(Editor’s note: This essay is part of Bethesda Beat’s Coronavirus Chronicles personal essay series. Visit the submission page to learn more.)
“You stepped in a sheep!”
From across our dinner table, my daughter’s exasperated, patronizing teen tone summed up the bittersweet relationship she now has with my college tale. Thank you, coronavirus.
The sheep in question died on an island in Scotland, where I did my junior year abroad in 1987. My friends and I ignored our Let’s Go guide warnings to avoid Sunday hitchhiking because rural Harris’s Calvinist churches preach total Sabbath rest. No driving, no shopping — only prayer.
But we disbelievers set off on foot for a hostel up the coast anyway that blustery day. After hours along a circuitous, car-free road, we took a shortcut through a field filled with heather. Landing on the far side of a hillock, something crunched under my boot. Brittle spikes caught my ankles.
Sheep ribs.
Ragged fleece clung to its skeleton like treed plastic bags by the Potomac River after high water. After I disentangled myself, we toasted the sheep with our water bottles and retreated to the road. Soon we were picked up by the only car we’d seen all day: an Irish tourist.
“Hitchhiking today of all days! You’re lucky I’m Catholic!”
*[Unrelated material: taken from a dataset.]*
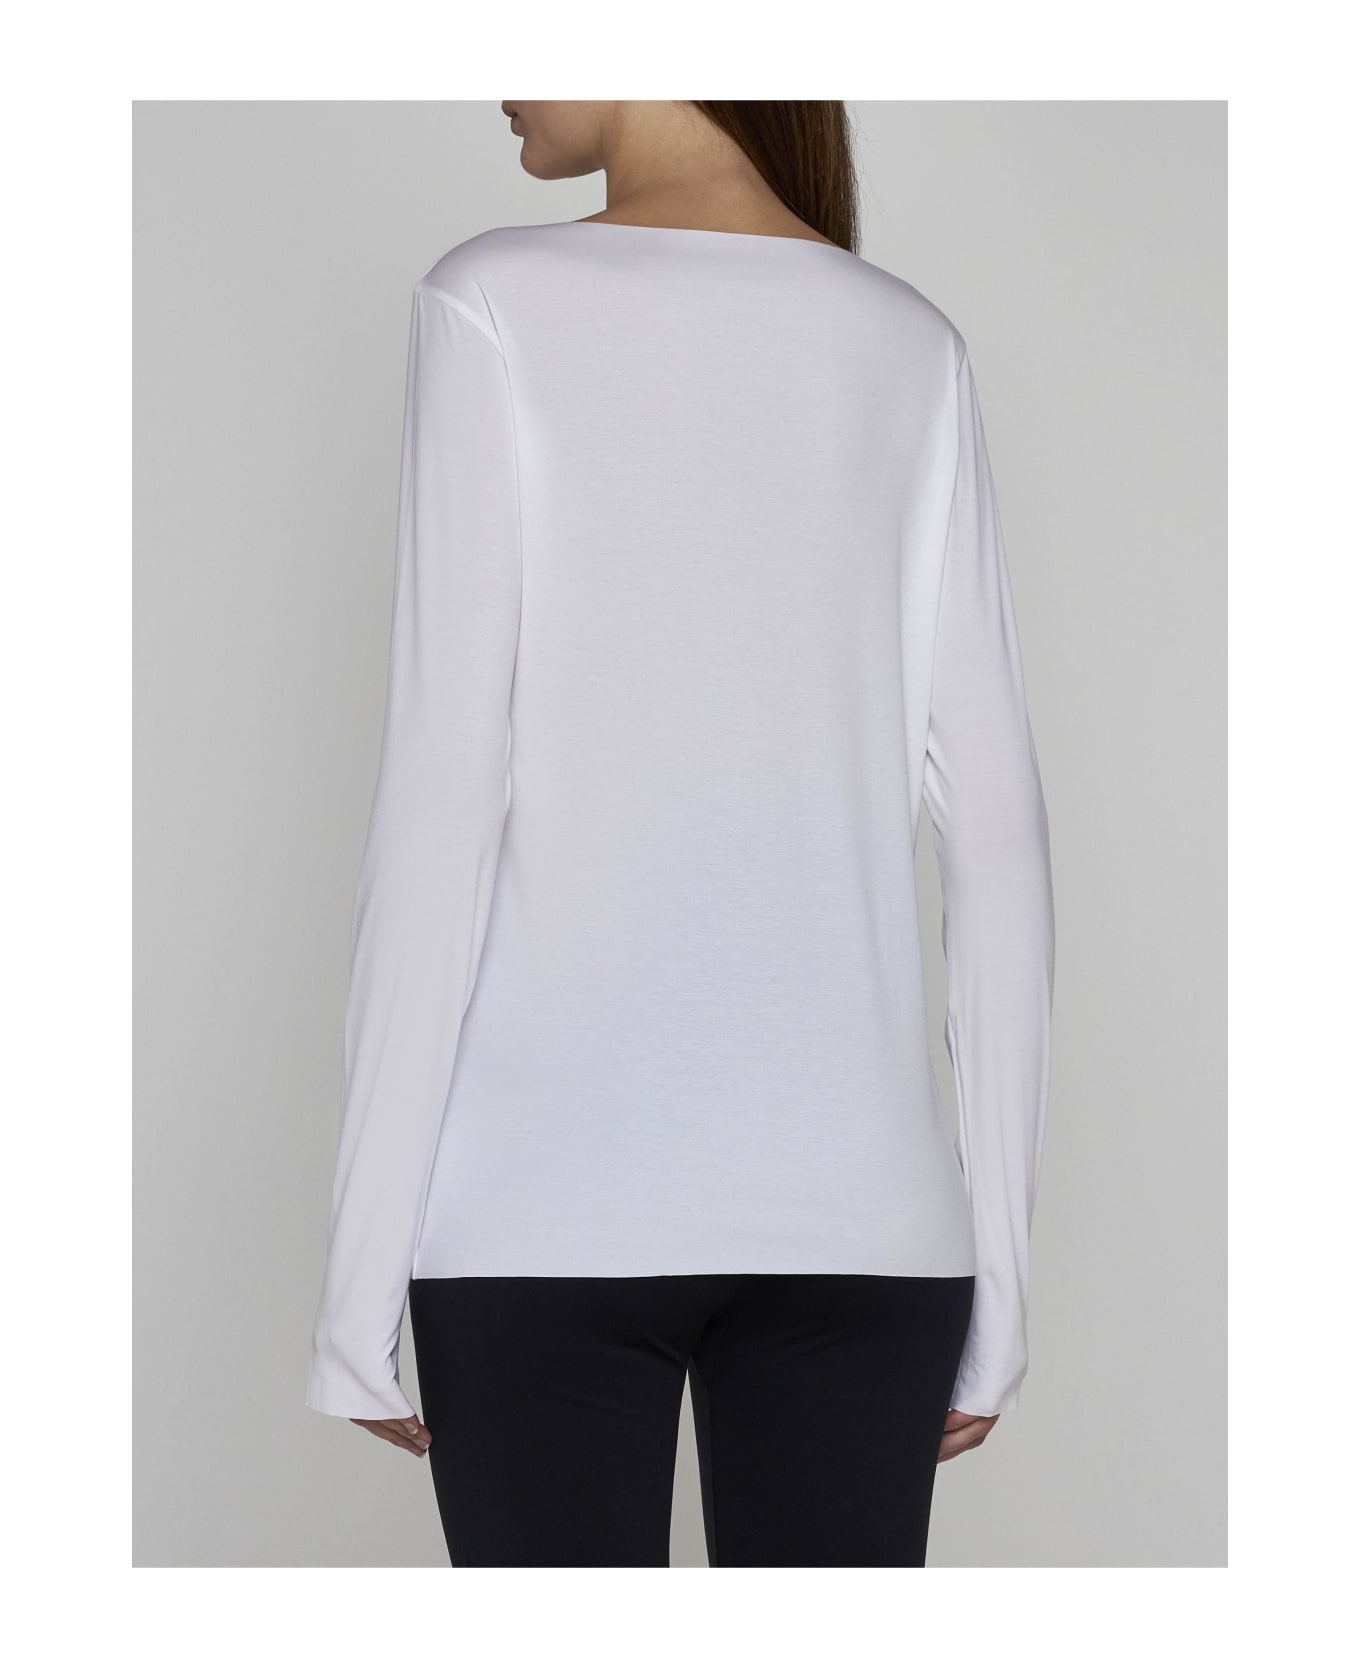 Wolford Aurora Long Sleeves Modal Top - White トップス

Like so many of my pre-child exploits, this story of freer times used to be eaten greedily by my daughter, my youth feral compared to hers filled with anxiety over college, debt, climate change and now, the pandemic.
In the 1980s, I had breathing room. Room to explore the world, to figure out what part I wanted to play in it. I do hope this disease, despite its horrors, may reset all of our expectations, opening up space for our children to seek their own stories.
So she can step in her own sheep one day.
Ayesha Court is a writing tutor who lives in Cabin John.